**RECORDS PROVIDED:**
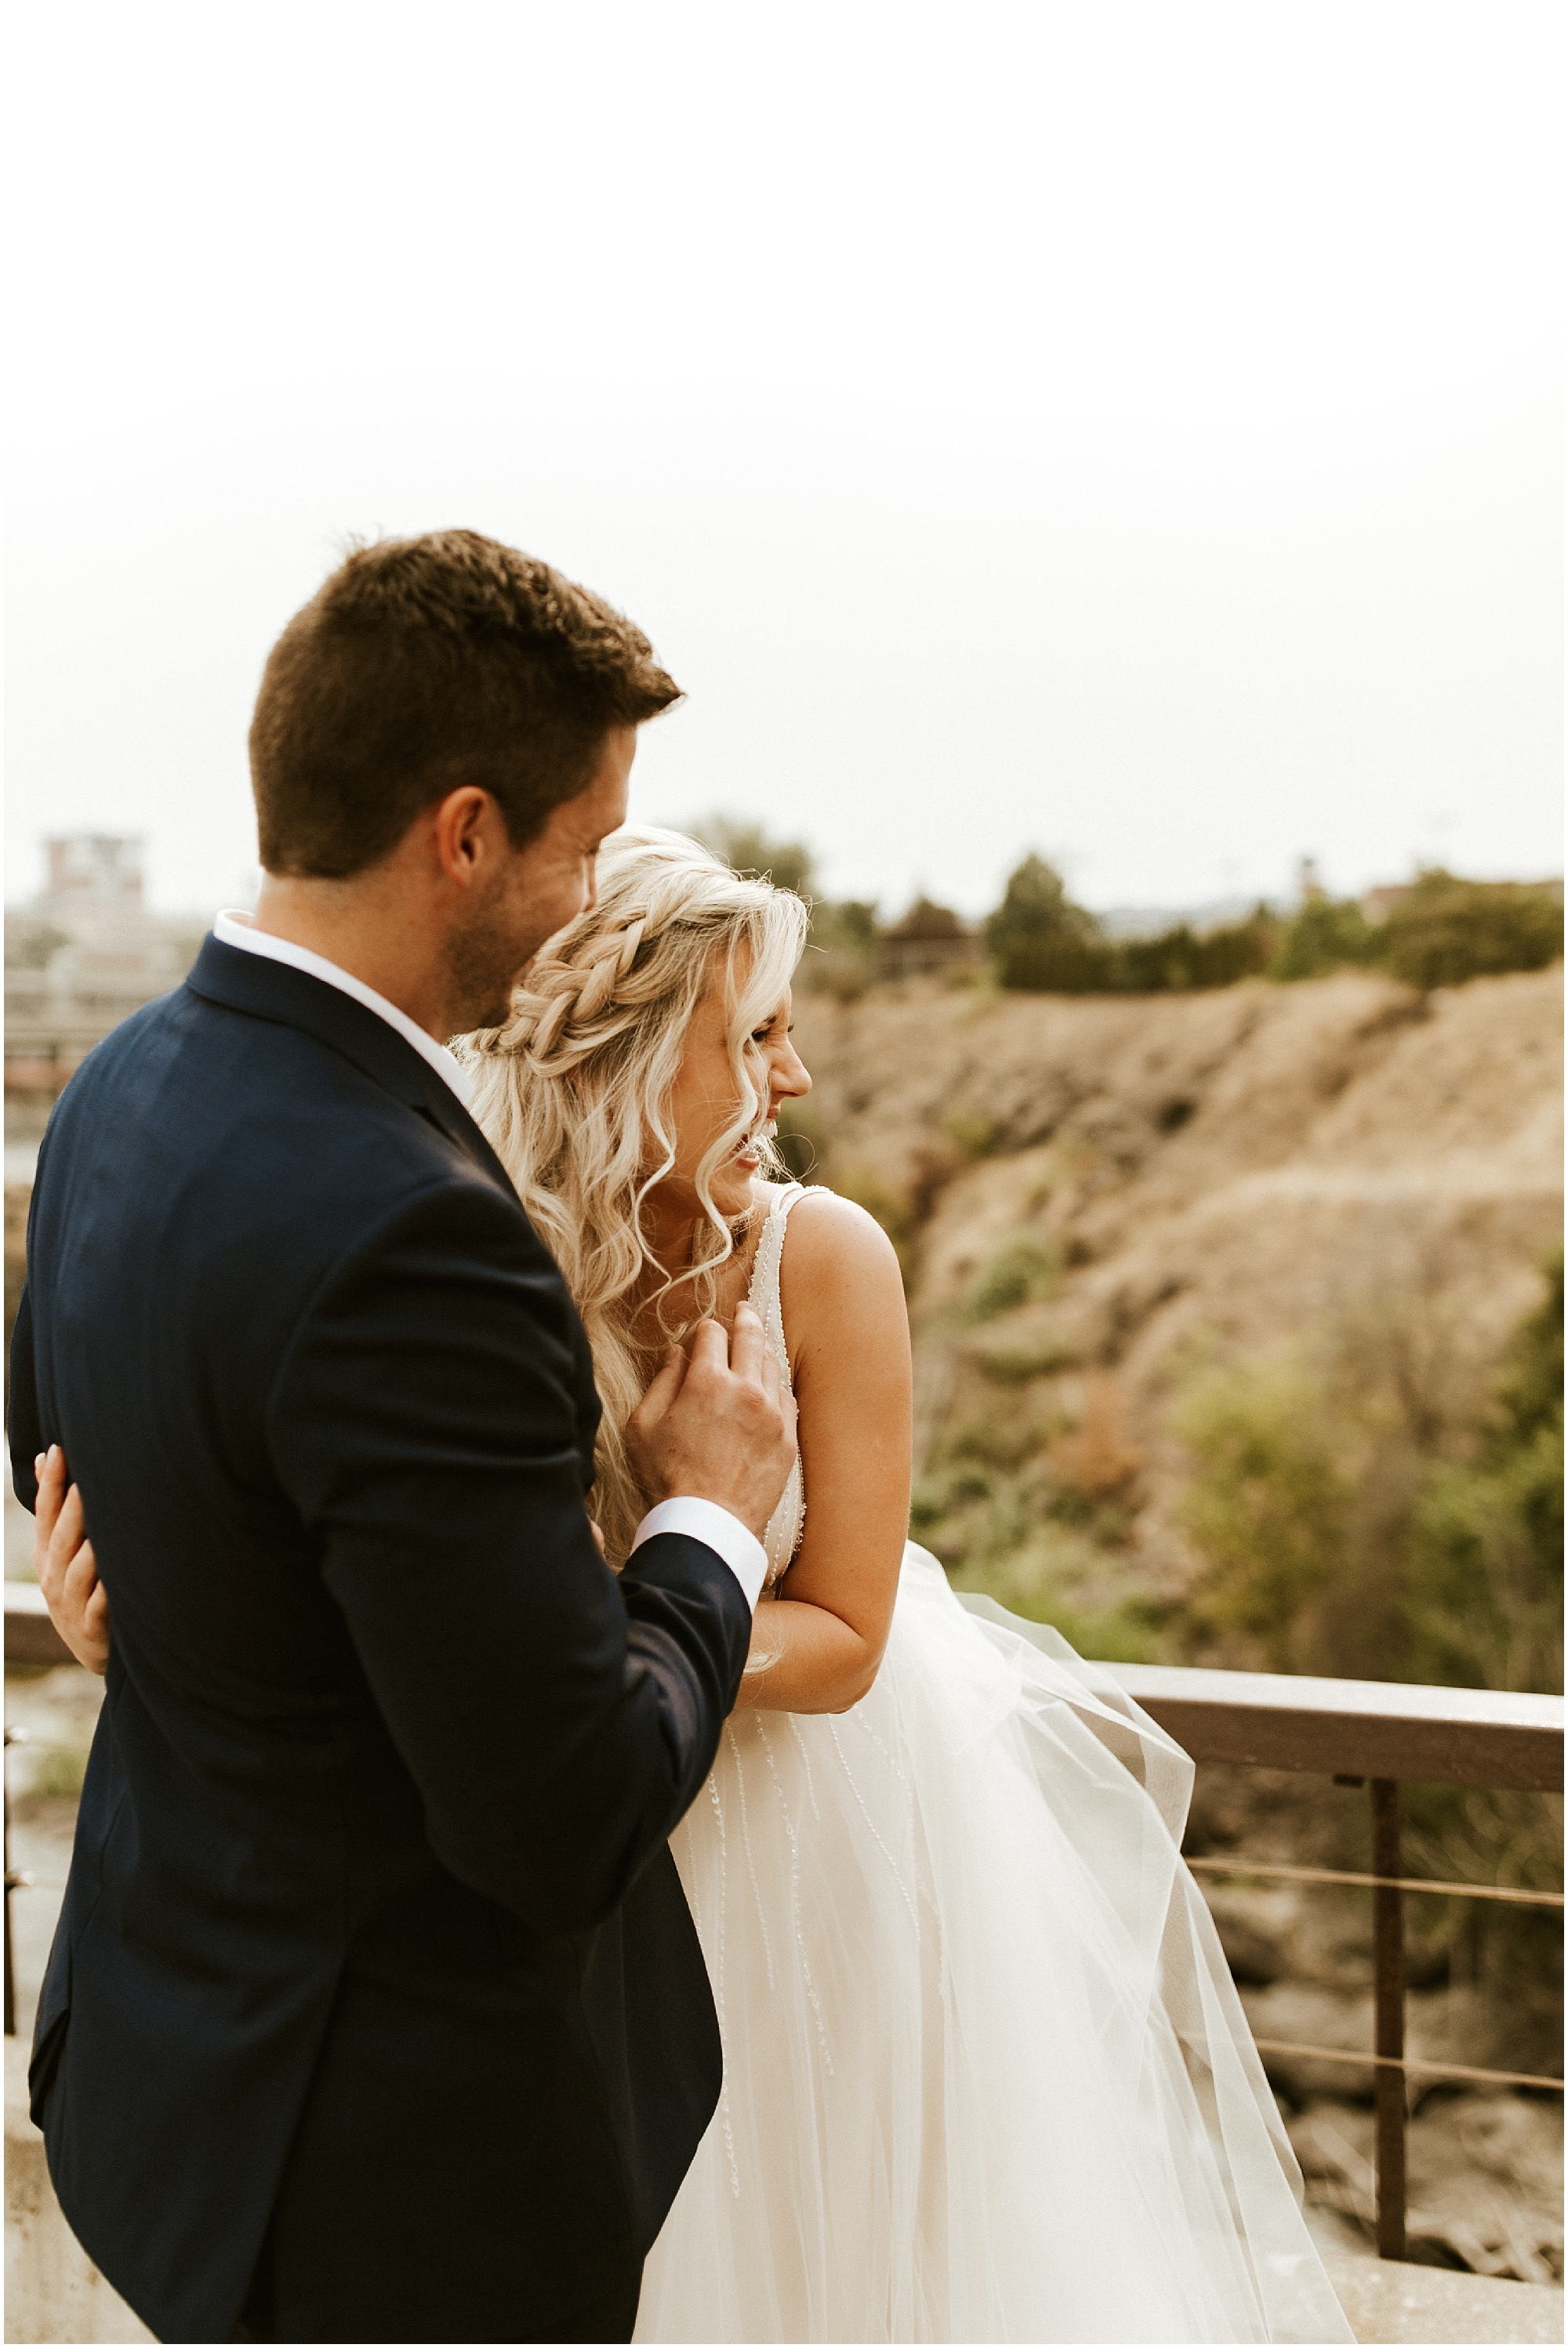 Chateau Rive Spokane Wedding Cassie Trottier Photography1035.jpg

...

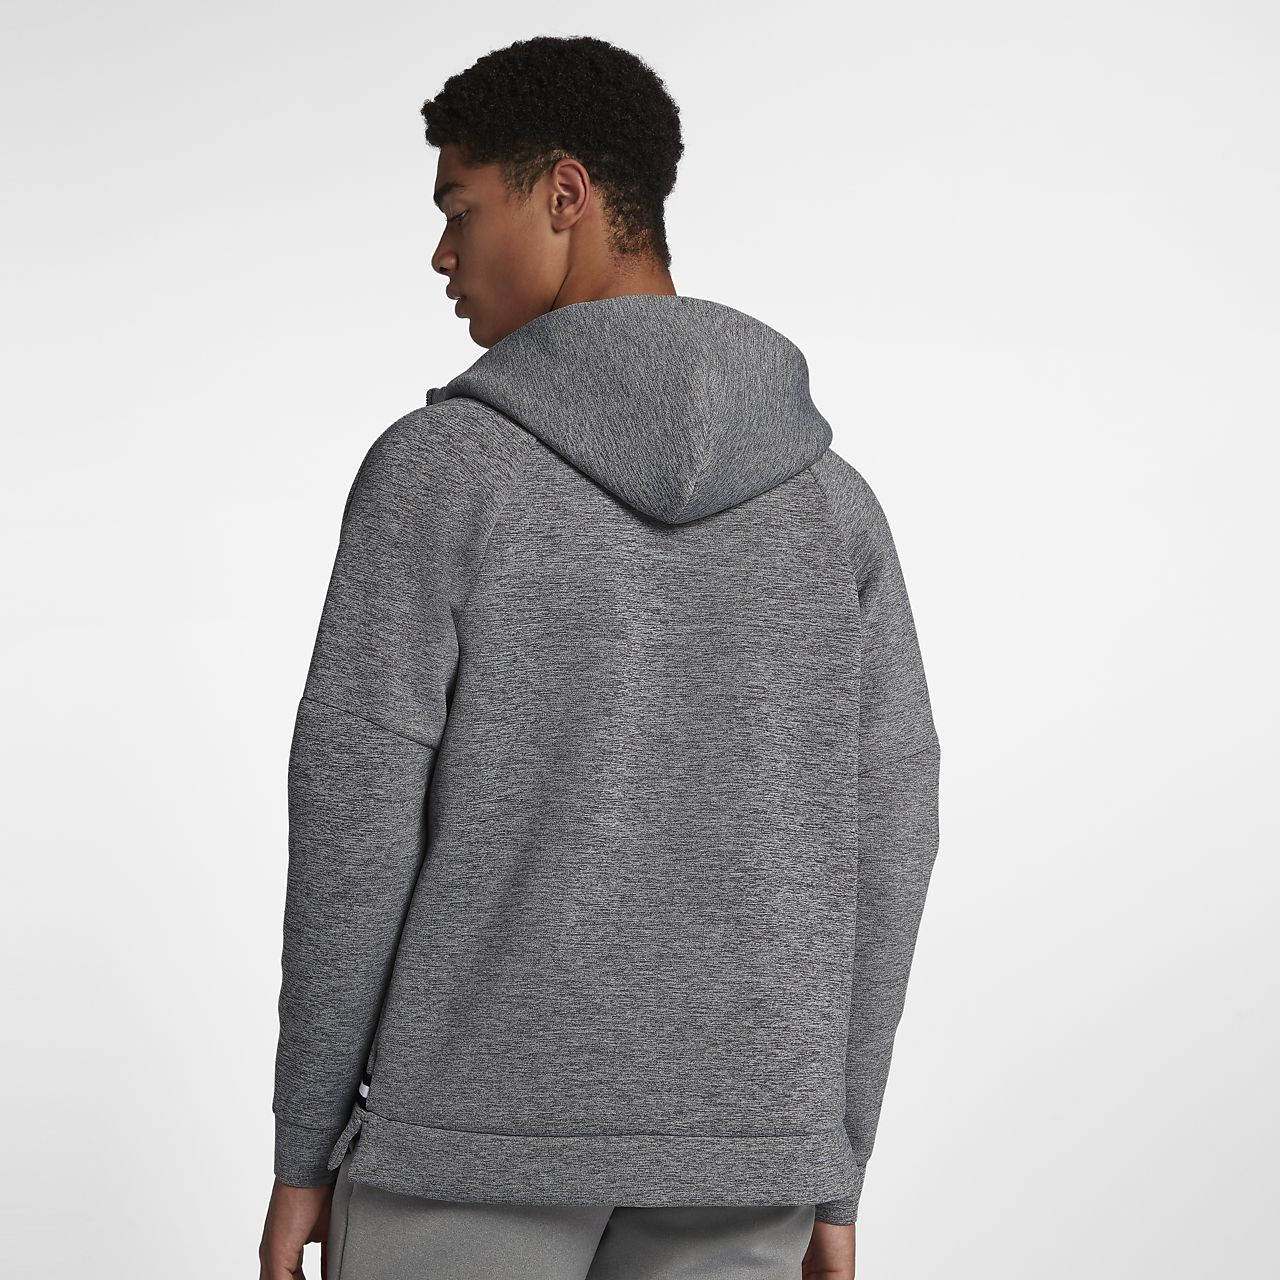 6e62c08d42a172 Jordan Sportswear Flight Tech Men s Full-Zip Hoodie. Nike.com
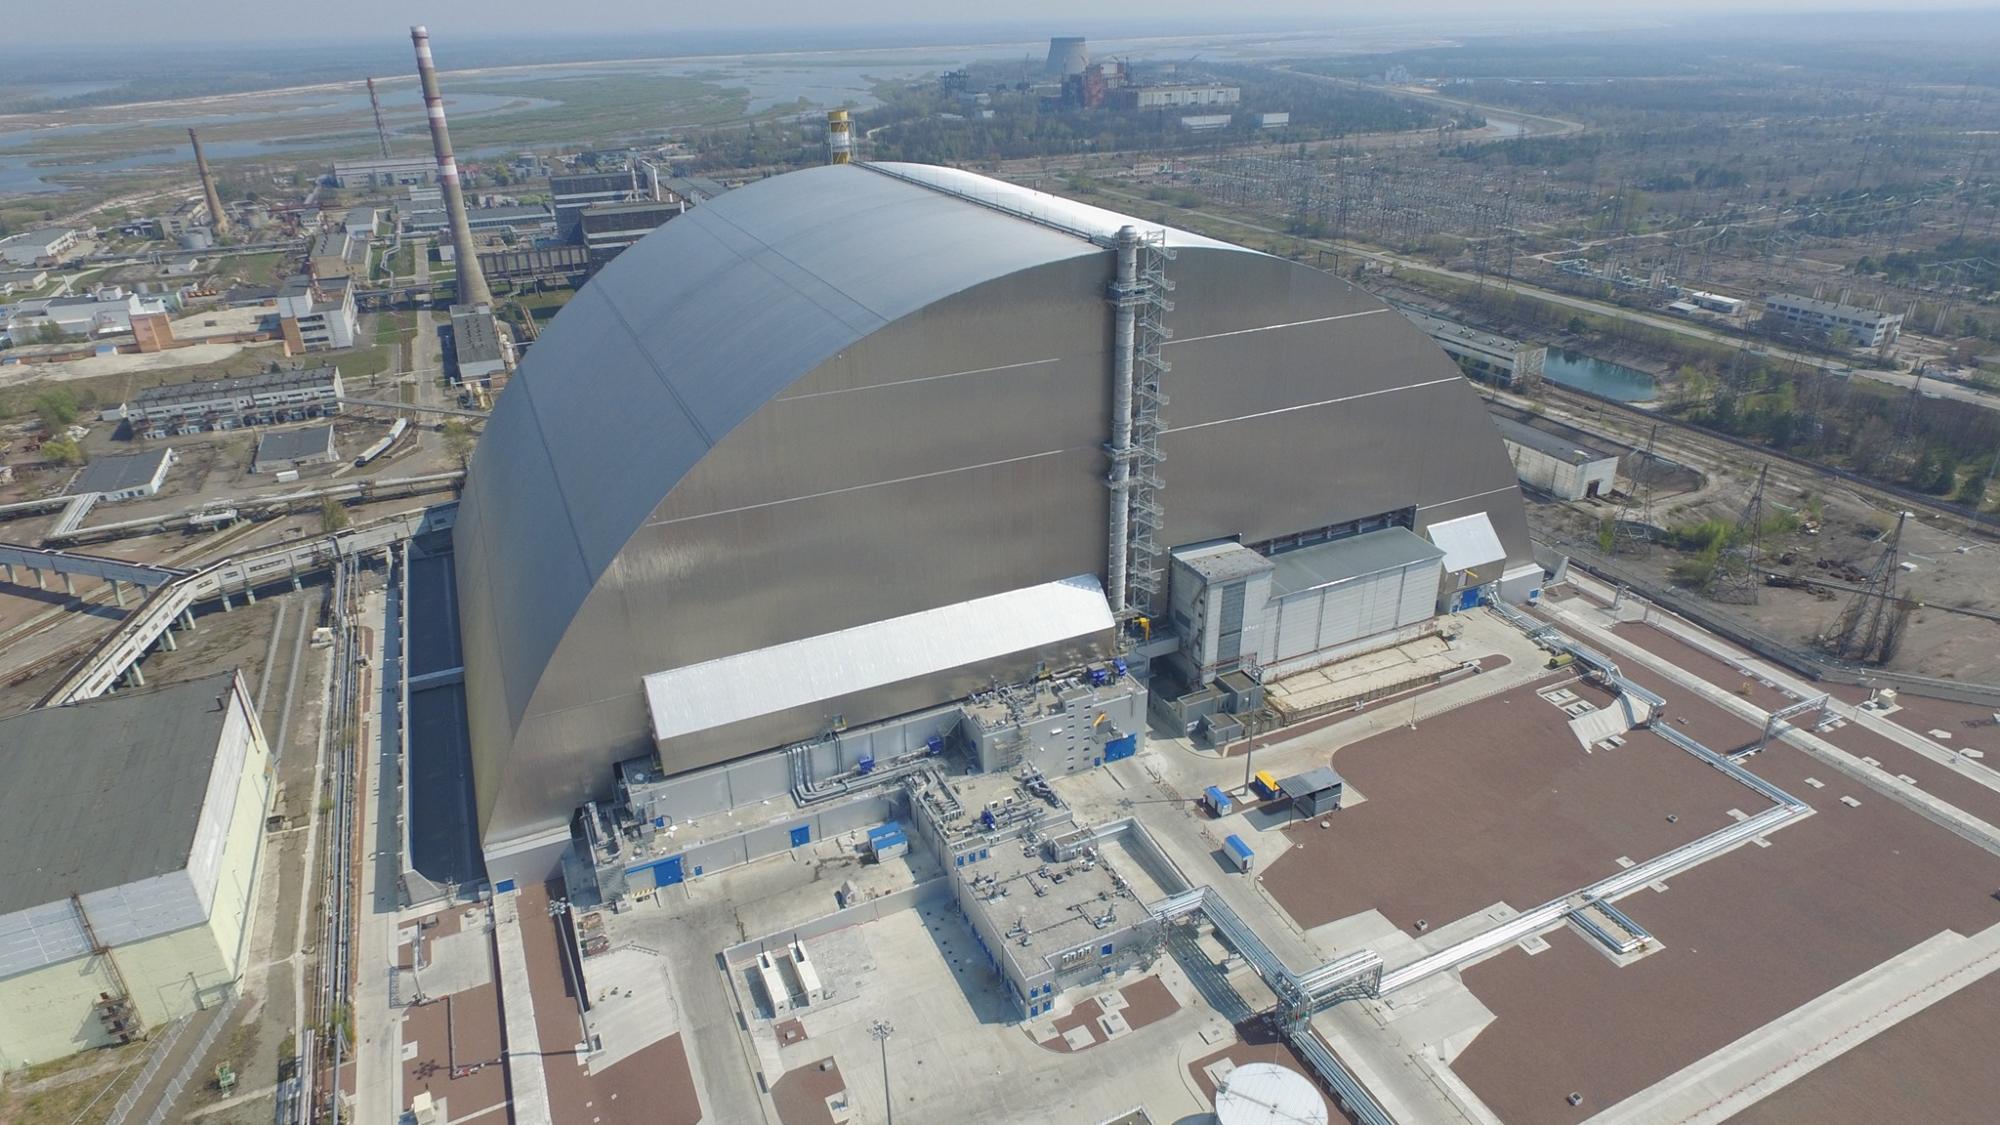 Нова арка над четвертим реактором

--

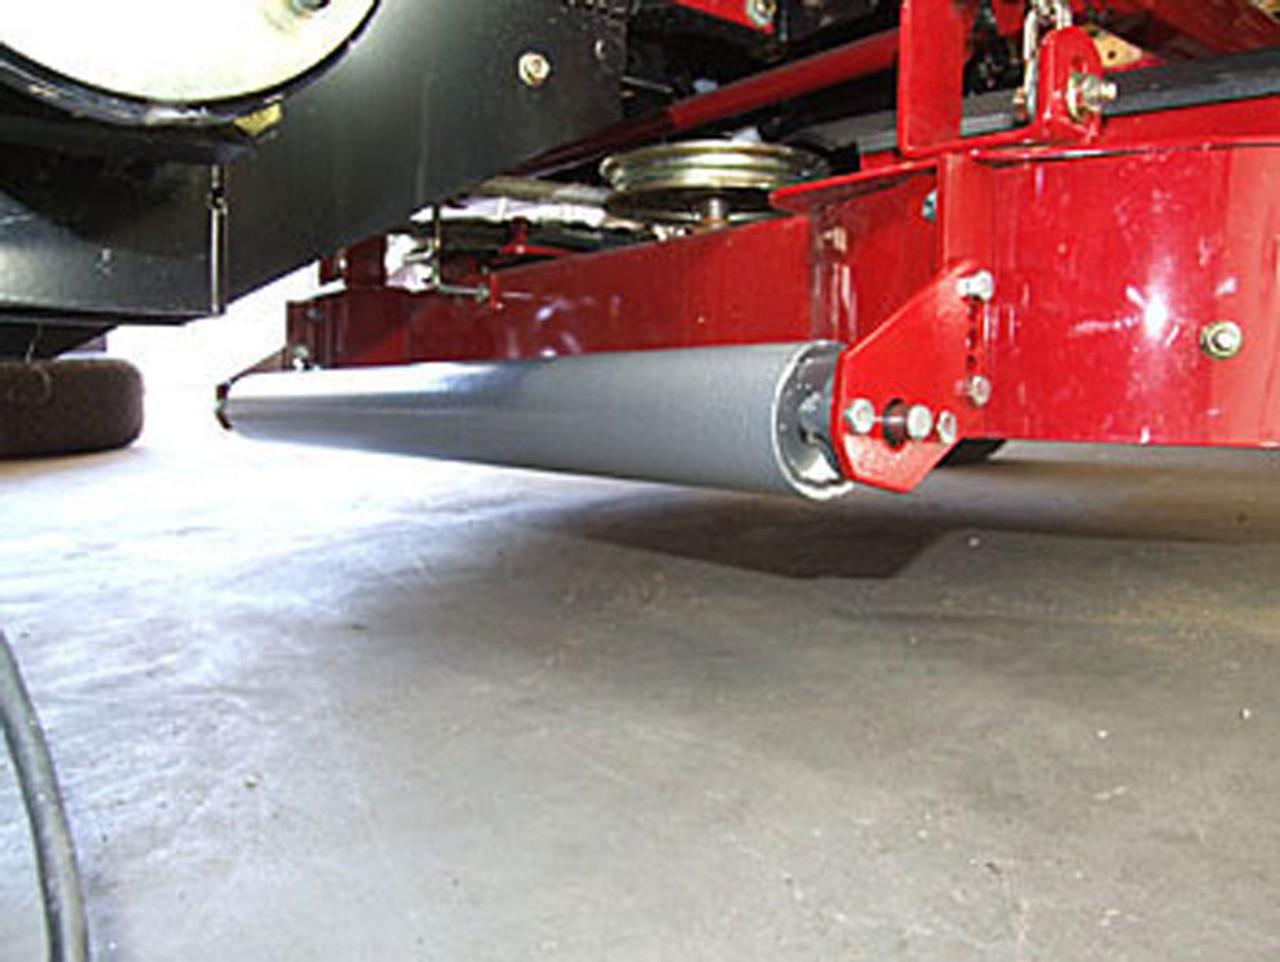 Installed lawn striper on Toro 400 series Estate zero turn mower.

**PROBLEM REQUIREMENTS:**
Everything above from the line with "6e62c08d42a172 Jordan Sportswear" through the line with "Нова арка над четвертим реактором" should be retyped exactly, and nothing else; omit pictures.

**RESPONSE TO THE TASK:**
 6e62c08d42a172 Jordan Sportswear Flight Tech Men s Full-Zip Hoodie. Nike.com
 Нова арка над четвертим реактором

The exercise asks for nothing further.